I began the message by attempting to begin to answer the question, ‘What is Christian Freedom?’ Answering that question alone could be at least 3 sermons. Knowing that my answer would have to be somewhat incomplete because of time constraints, I gave this opening definition of Christian freedom:

Christian freedom is the ability to participate in the life of God so that our desires are conformed to his, our will becomes his, enabling us to always do what we want without necessity or coercion.

In other words, it is the ability to always act for our joy and for his glory—and have those two as one.
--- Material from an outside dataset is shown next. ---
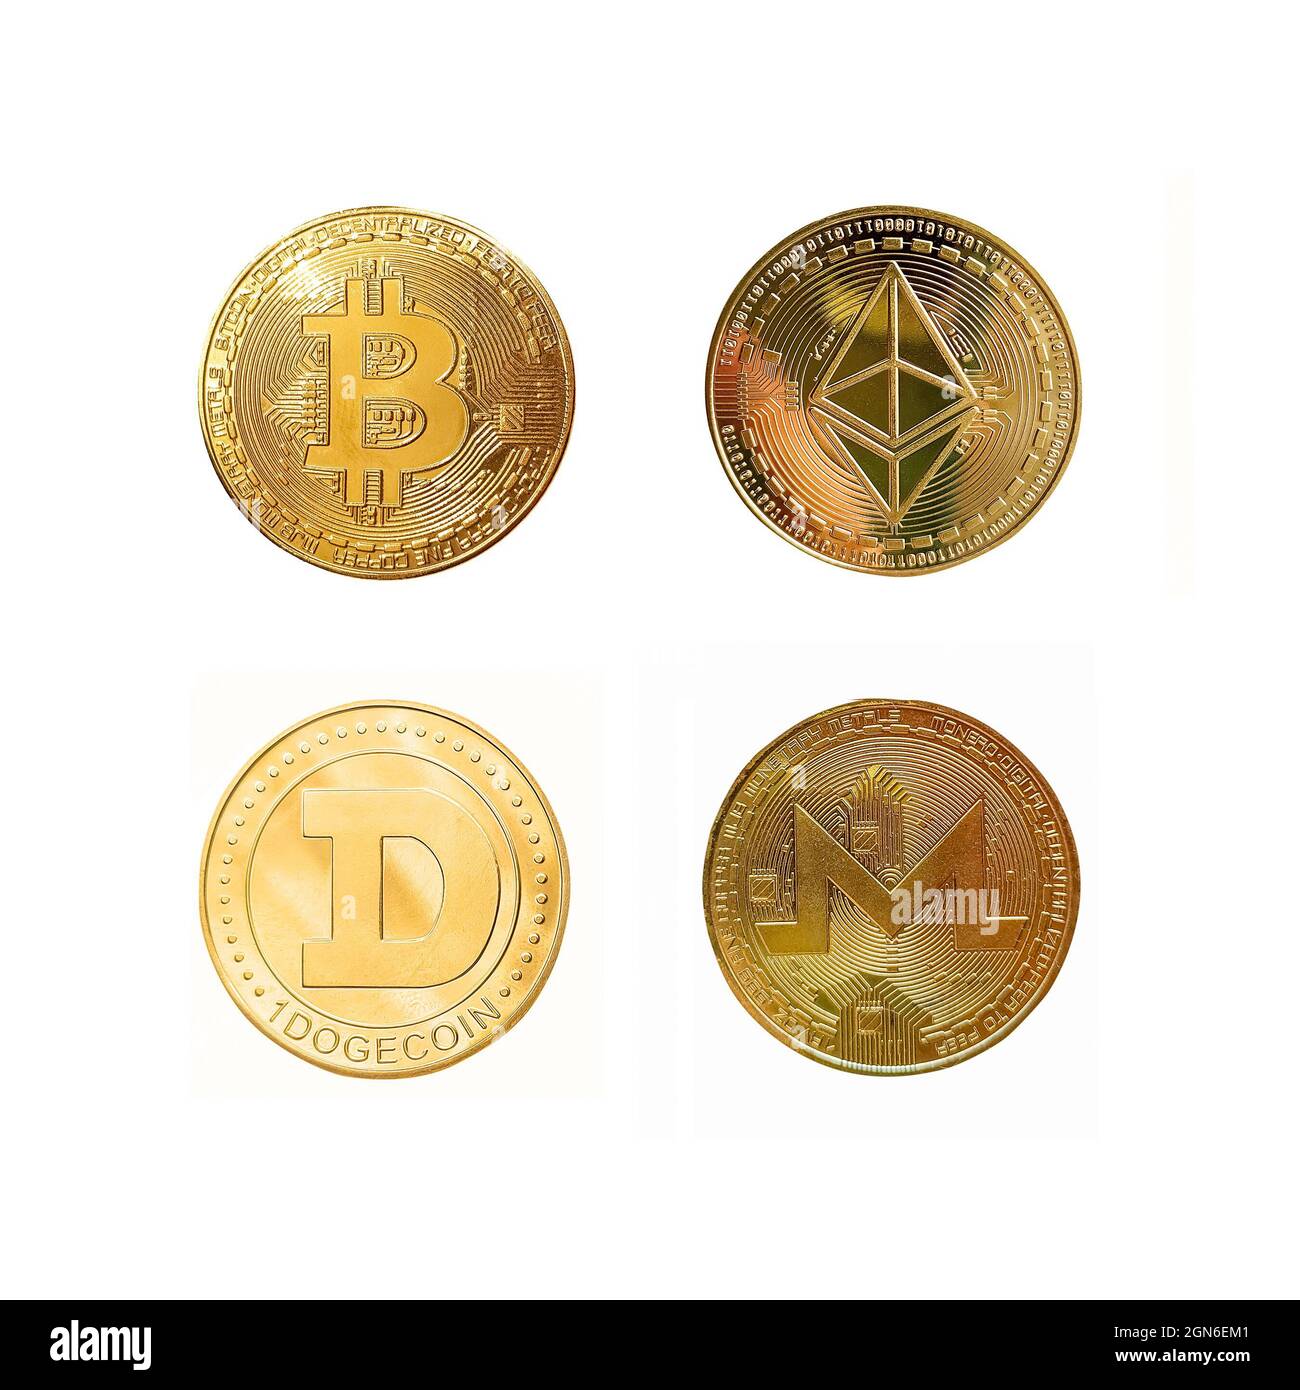 pop coin crypto

By ‘participate in the life of God,’ I meant

  1. Freedom of Access to God as Father
  2. Freedom from the Law in God the Son
  3. Freedom to Live in God the Spirit

Where once we had no freedom to approach God in prayer, now our prayers are acceptable and pleasing to him. Where once we had no freedom from the Law, but were at once both commanded to work and condemned to die, now we have freedom from works and freedom to rest in justification. Where once we had no freedom to please God or to do as we desired, now the Spirit of God indwells us, conforming our desires to his.

The more we participate in the life of Holy Trinity, the more we’re conformed to him from the inside-out. Because of the work of the Holy Spirit, we gain true freedom of will so that we may choose and desire whatever we want, and since what we want is in line with the character of God, what brings us joy will be the same things that bring him glory. And he gives us the power to do it.
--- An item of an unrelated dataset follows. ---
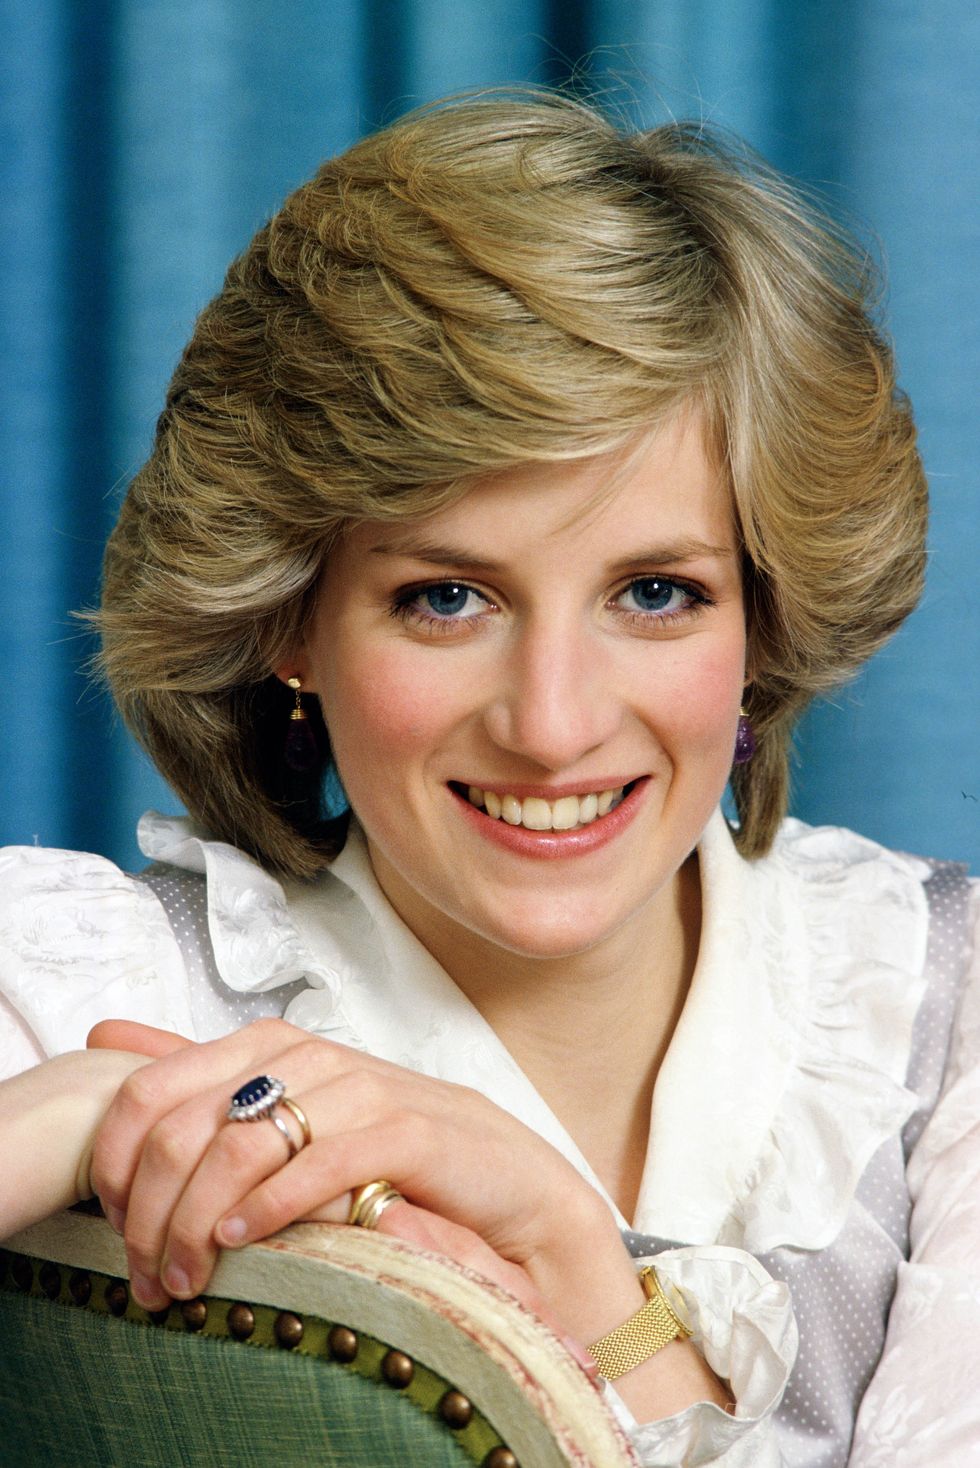 Diana, Princess of Wales at home in Kensington Palace

That’s a great thing to think about!

The Primacy of Praise to the Father

Sunday’s post reminded me of something that Dr Ware taught us in a contemporary theology course not too long ago. He challenged us to develop our Trinitarian categories, and to work hard for clarity in the distinctions between the persons of the Godhead.

One challenging example he gave was that of Ephesians 1. How many times have we read Ephesians 1 and gloried in the amazing grace of God which called us, sought us, won us, and keeps us? Too many to count! And yet, how many times have we thought seriously about the pronoun ‘he’ / ‘him’ / ‘his’ in that passage? To whom does that refer in which instance?
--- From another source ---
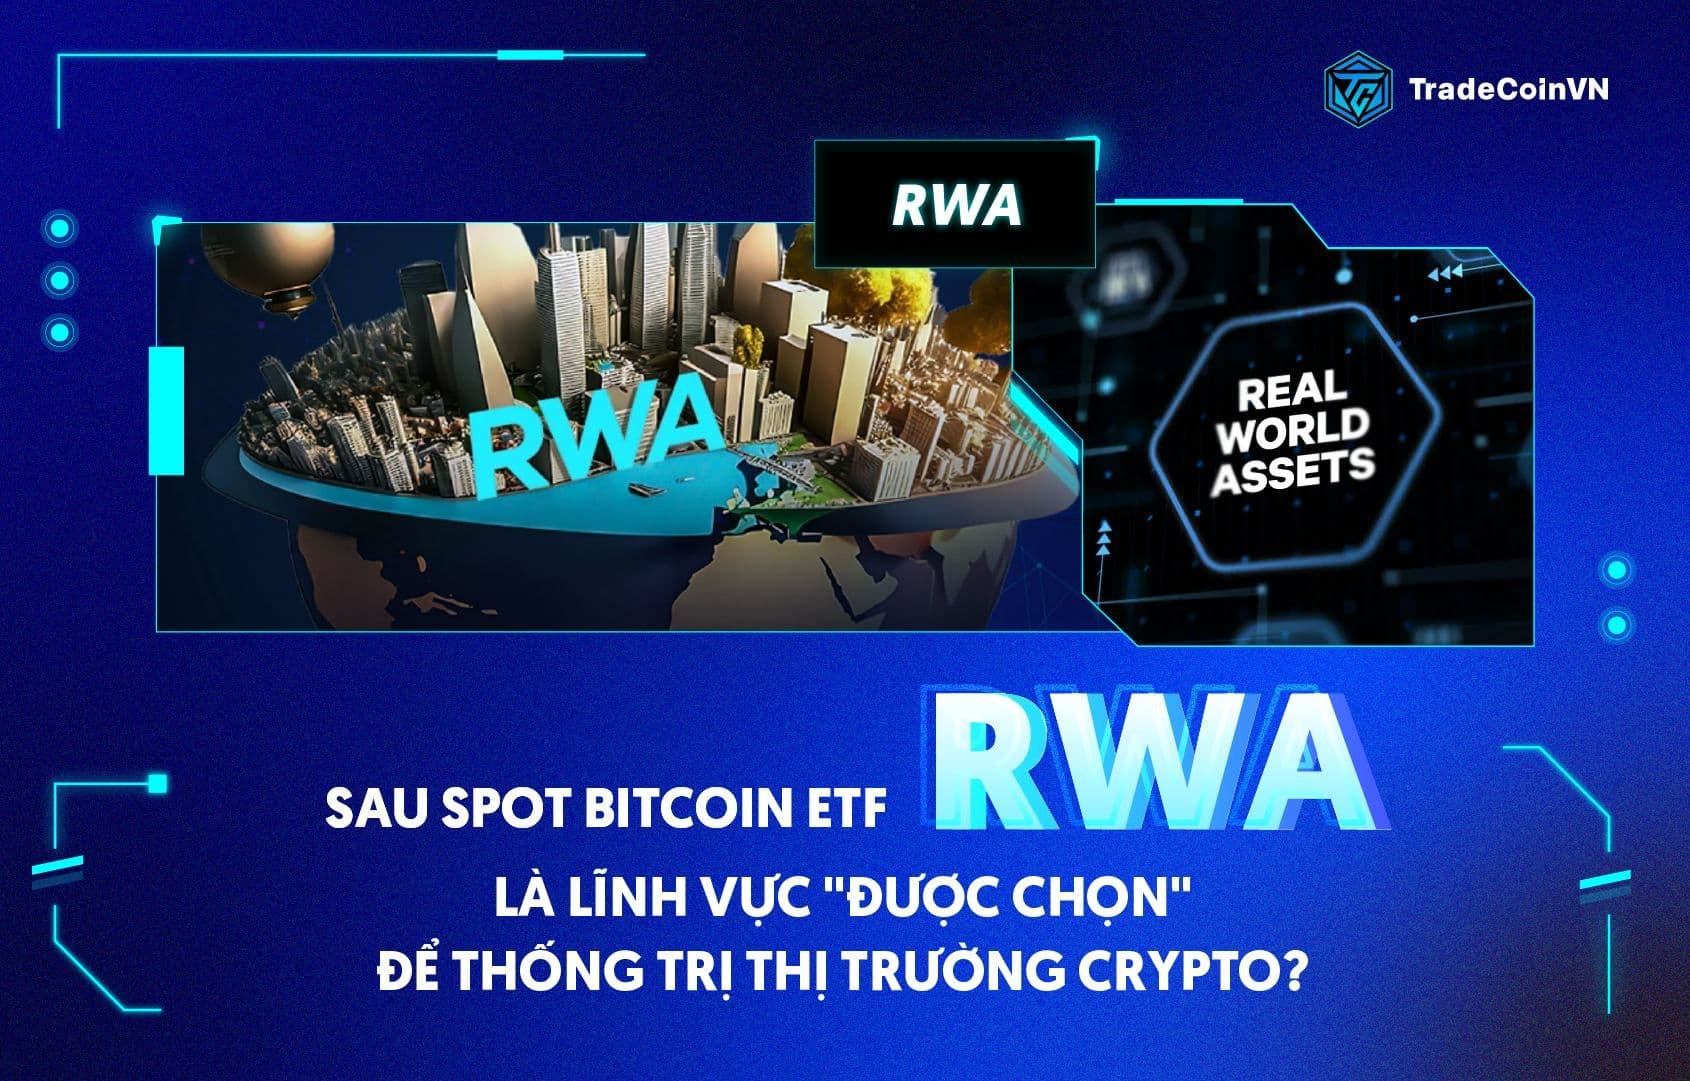 Sau Spot Bitcoin ETF, RWA là lĩnh vực "được chọn" để thống trị thị trường Crypto?

It is important to understand whose grace we are revelling in, and whose praise all of this is for. After all, getting the praise of ‘his’ glorious grace right is the very point of the passage!

Admittedly, the pronouns in the passage can seem a tad difficult to identify. Here is Dr Ware’s interpretation (based on the ESV translation):

Blessed be the God and Father of our Lord Jesus Christ, who has blessed us in Christ with every spiritual blessing in the heavenly places [i.e. Praise the Father who gives blessings through the work of Christ, mediated to us by the Holy Spirit], even as [the Father] chose us in [Christ] before the foundation of the world, that we should be blameless before [the Father]. In love [the Father] predestined us for adoption through Jesus Christ [to the Father] according to the purpose of [the Father’s] will, to the praise of [the Father’s] glorious grace, with which [the Father] has blessed us in [his beloved Son]. In [the Son] we have redemption through [the Son’s] blood, the forgiveness of our trespasses, according to the riches of [the Father’s] grace, which [the Father] lavished upon us in all wisdom and insight, making known to us the mystery of [the Father’s] will, according to [the Father’s] purpose, which [the Father] set forth in Christ as a plan for the fullness of time, to unite all things in [Christ], things in heaven and things on earth.

In [Christ] we have obtained an inheritance, having been predestined according to the purpose of [the Father] who works all things after the counsel of [the Father’s] will, so that we who were the first to hope in Christ might be to the praise of [the Father’s] glory. In [Christ] you also, when you heard the word of truth, the gospel of your salvation, and believed in [Christ], were sealed with the promised Holy Spirit, who is the guarantee of our inheritance until we acquire possession of it, to the praise of [the Father’s] glory.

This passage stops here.